I've used Ortho's Fire Ant Killing stuff in the past, I love it. It's in granule form, I broadcast it over the lawn every 2/3 years and don't have any problems with them.


----------



## Redsauce (Oct 3, 2007)

I've used Ortho's Fire Ant Killing stuff in the past, I love it. It's in granule form, I broadcast it over the lawn every 2/3 years and don't have any problems with them.


----------



## tnreefguy (Jan 4, 2008)

Pour boiling water on the mounds. You have to be consistant but it works without any chemicals and its cheap.


----------



## havoc928 (Jul 14, 2008)

usally i spray around the house for bugs and if you find any ant hills just burn em with some wd 40 and a lighter or drown em in water or any other way you can think of gettign rid of the ant hills.


----------



## kcaternolo (Jun 19, 2008)

the stuff you can purchase at the stores doesnt always have a positive result most people including myself just witness the ants moving there nest away from the poison into another part of the yard. and if you dont want to chase down hills and keep a constent eye on them with water. you can try grits not oatmeal but grits some times it will take a while to work. i picked this up from a buddy of mine who is a landscaper


----------



## wintersnow (Aug 30, 2007)

I have got to know a method that you can bake some useless egg shells, and put them around your plants, those ants will eat them, and they will die. This is quite easy you can try it.


----------



## havoc928 (Jul 14, 2008)

i heard that if you put a ring of vinagear around somethign the ants wont cross it.


----------



## Seeno (Aug 21, 2011)

Fire ants colonies are so large and deep it's virtually impossible to kill more than a handfull of ants near the surface. Here in Mobile, where, sadly, fire ants entered this country, we use Amdro on mounds when they first appear. 

It's a granular product that the ants will eat and carry into the colony for the other ants and it kills any that eat it. All it does is kill the ants in the mound and nearby, causing the mound to be abandoned (hopefully to be rebuilt in your neighbor's yard.)

With mounds killing trees and shrubs, vigilance and quick response will usually prevent much damage. But, be advised, the root system of large plants is prime fire ant real estate. If this seems to be a chronic problem you may want to preemptively treat trees and shrubs around the roots with whatever pesticide your local expert recommends.

Your local expert is someone who works for your county or state agricultural agent.
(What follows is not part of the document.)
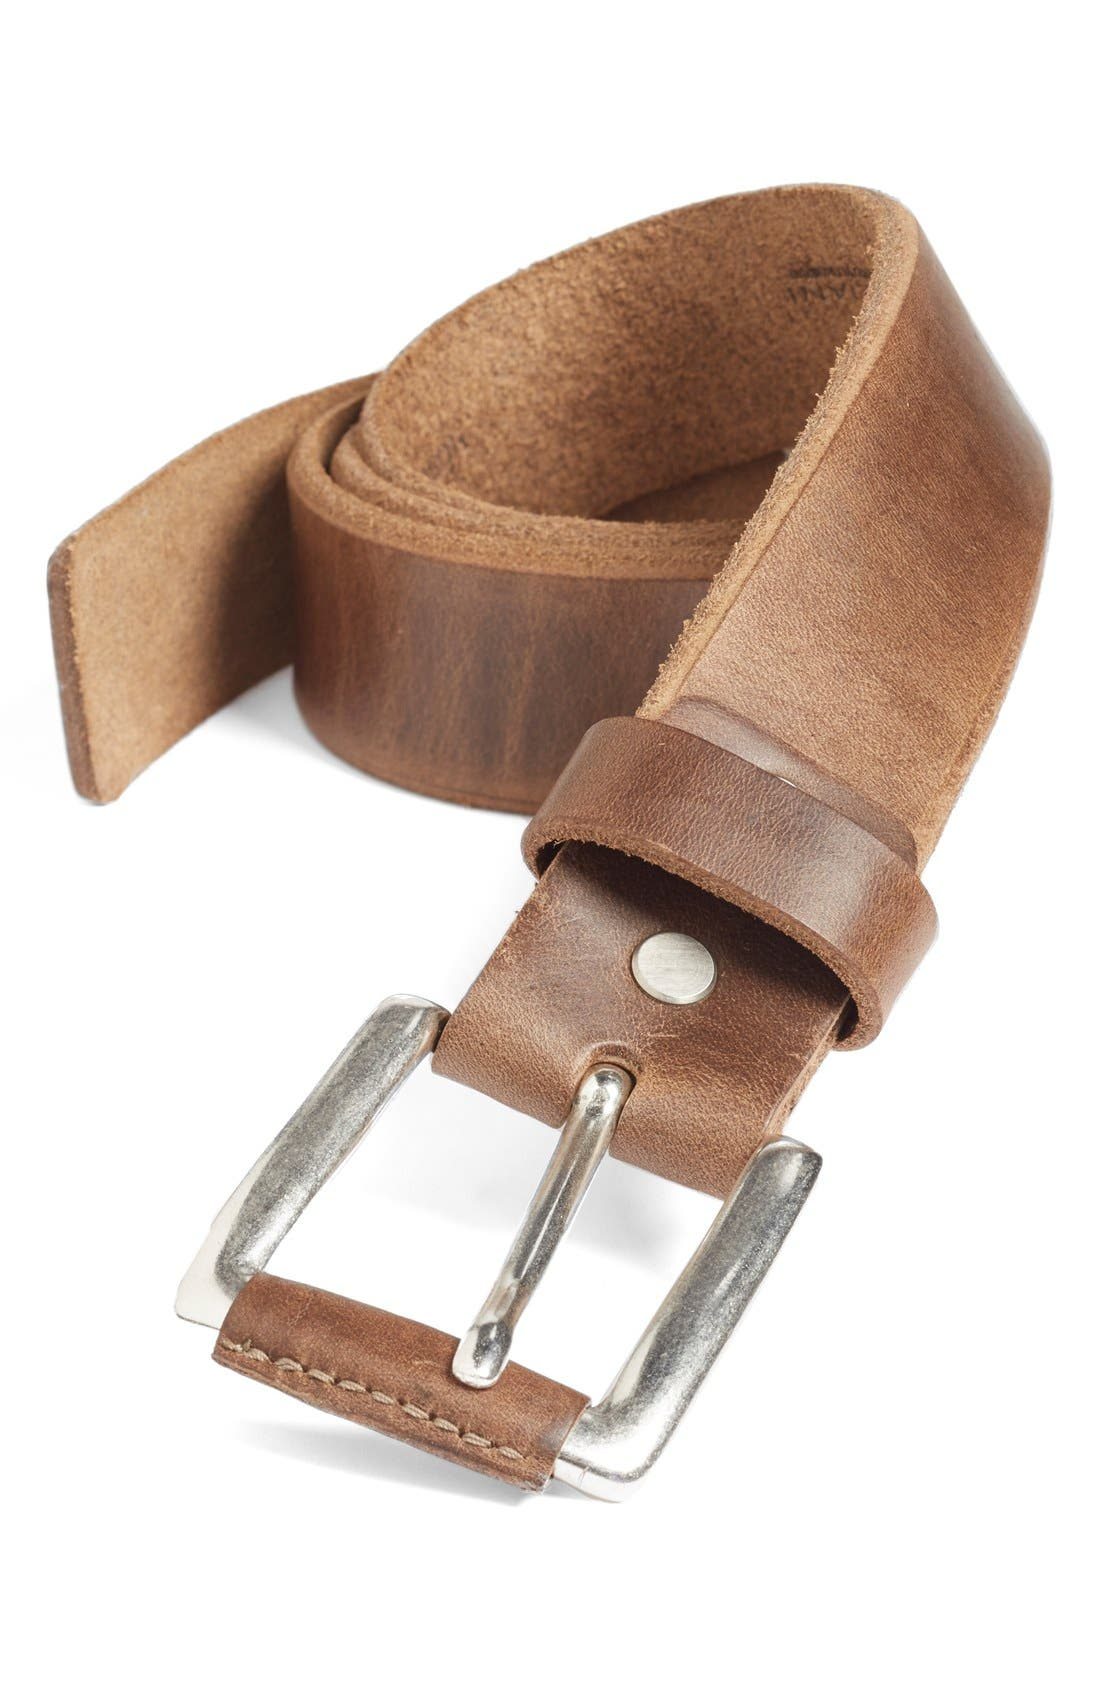 'Coraggio' Leather Belt,                             Main thumbnail 1, color,                             Natural

The guy who sells inscticides is your local expert on producing revenue selling insecticides if you see what I mean.

The guy who suggested grits must be from the South, also. Personally, I,d have the grits for breakfast and give your county agent a call.

Seeno


----------



## SABL (Jul 4, 2008)

I'm going to nominate Seeno as the gardner of the year.......takes some serious digging to dredge up a 3yr old thread.....:laugh:.

(You can have my grits....and oatmeal...cream of wheat..and any hot cereal.......:grin 

Good advice to talk to your county agent....that's what they are there for!!


----------



## scalh001 (Dec 17, 2011)

Ha...I second the motion. Seeno = Gardner of the Year.


----------



## Sonia ferdous (Jun 5, 2012)

Yeah Fire ants are really annoying and dangerous for both plants and human. And to get rid of this problem i will suggest you to use orange oil on them. Also dried molasses works well to keep them away from your garden. So you can try these.


----------